Caught up with Paul Thomas Anderson’s new movie Inherent Vice, based on a book (that I have not read) by Thomas Pynchon. It’s a long – very long – rambling incoherent movie that I’d call a complete mess if that wasn’t the point.

It’s ostensibly a gumshoe movie set in 1970 where a hipper, druggy licensed PI named Doc (who works out of a doctor’s office) played here by a mutton-chopped Joaquin Phoenix is theoretically investigating a… crime? Maybe? He’s doing something that involves crime, kidnapping, heroin, or something…

Based on reviews of the movie (and the book), this movie isn’t supposed to make a damn bit of sense which is good because I got lost in the plot and maybe thought I’d fallen asleep as missed something. But, no, nobody really seems to understand what was going on and that was intentional. You have to unload a brief case full of patience to power through this movie.

It’s kind of a comedy – there are some funny, obscure, and surreal comedic moments but they were very rare and completely random. I have the feeling that maybe they thought the movie was more consistently funny than it was… or, then again, maybe they didn’t… maybe they decided to randomly toss in some head-scratching jokes just to mess with the audience.

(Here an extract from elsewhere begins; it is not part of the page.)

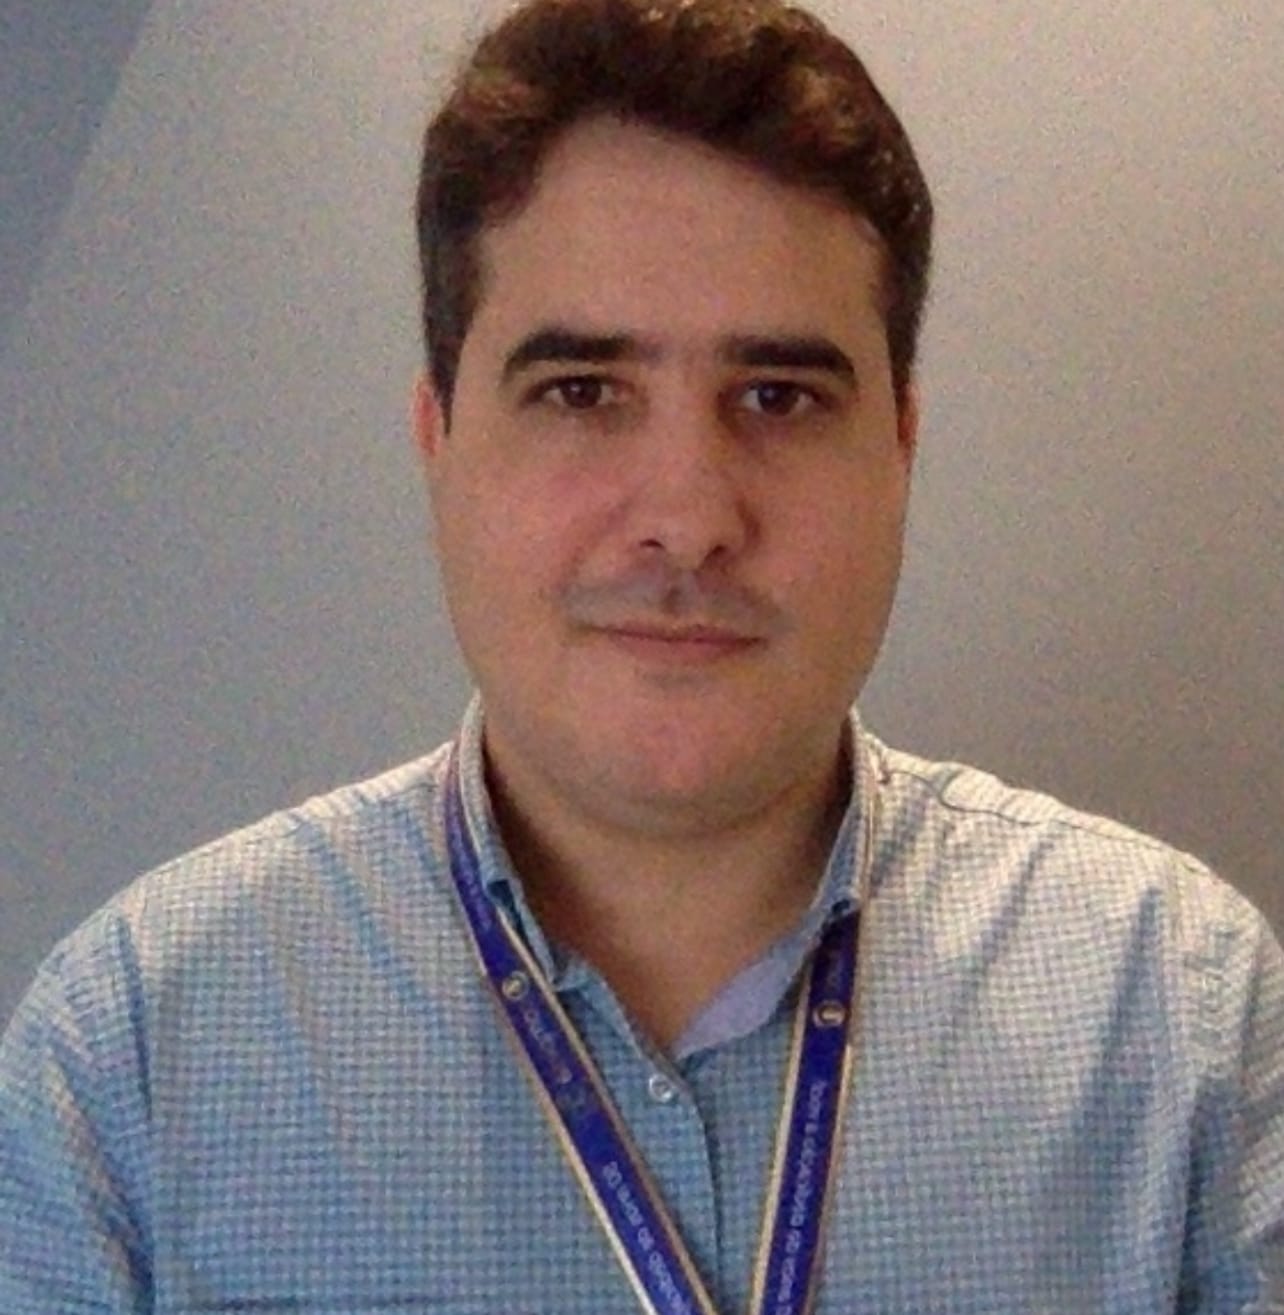 Antonio Lucena - Engenheiro de Telecomunicações, formado em 2007 pela UniJorge/BA, Especialista em Rede de Dados, trabalhou na Embratel como Analista de Serviços, e desde 2013 assumiu o cargo de Analista de Saneamento na Compesa, foi coordenador do Centro de Controle Operacional, e desde 2019 é o Gestor da Gerência de Automação da Compesa.

It’s kind of a detective story except the plot is incoherent and it keeps introducing new, unrelated crimes and characters and forgetting old ones. It’s hard to invest in a mystery when the characters and the script don’t invest in them either. There’s nothing solved…. or rather, maybe there is… but I’m not sure what part was solved… or if it had anything to do with the original case.

It’s kind of a stoner comedy except it’s so draggy that I think stoners would get distracted and bored waiting for the weird to happen. Part of the problem is Joaquin Phoenix is deeply miscast… the movie seems to maybe want to be a more serious Big Lewbowski and it needed someone a little more straight than Jeff Bridges but certainly more blitzed than Phoenix. Phoenix, for my money, brought nothing to the role… except maybe during the occasional bits of comedy where he could scream randomly or do a funny pratfall.

It’s got a big cast… Joaquin Phoenix, Reese Witherspoon, Benicio Del Toro, Josh Brolan, Eric Roberts, Maya Rudolph, Martin Short (?), and a few others… most with fairly small parts. Josh Brolin plays an LA cop named Big Foot who is pretty amusing but I’m not entirely convinced he was a real person. Probably was… but possibly some of his scenes were figments of the imagination.

Or maybe not. Who knows?

I wish I could recommend this movie for just being weird. But it’s impossible given its 2+ hour run time and deep desire to just be about nothing while telling an incomprehensible story that just made me wish the movie was over. And it could have ended at any point, near as I could tell, and it would have made no real difference to the story. That’s a problem.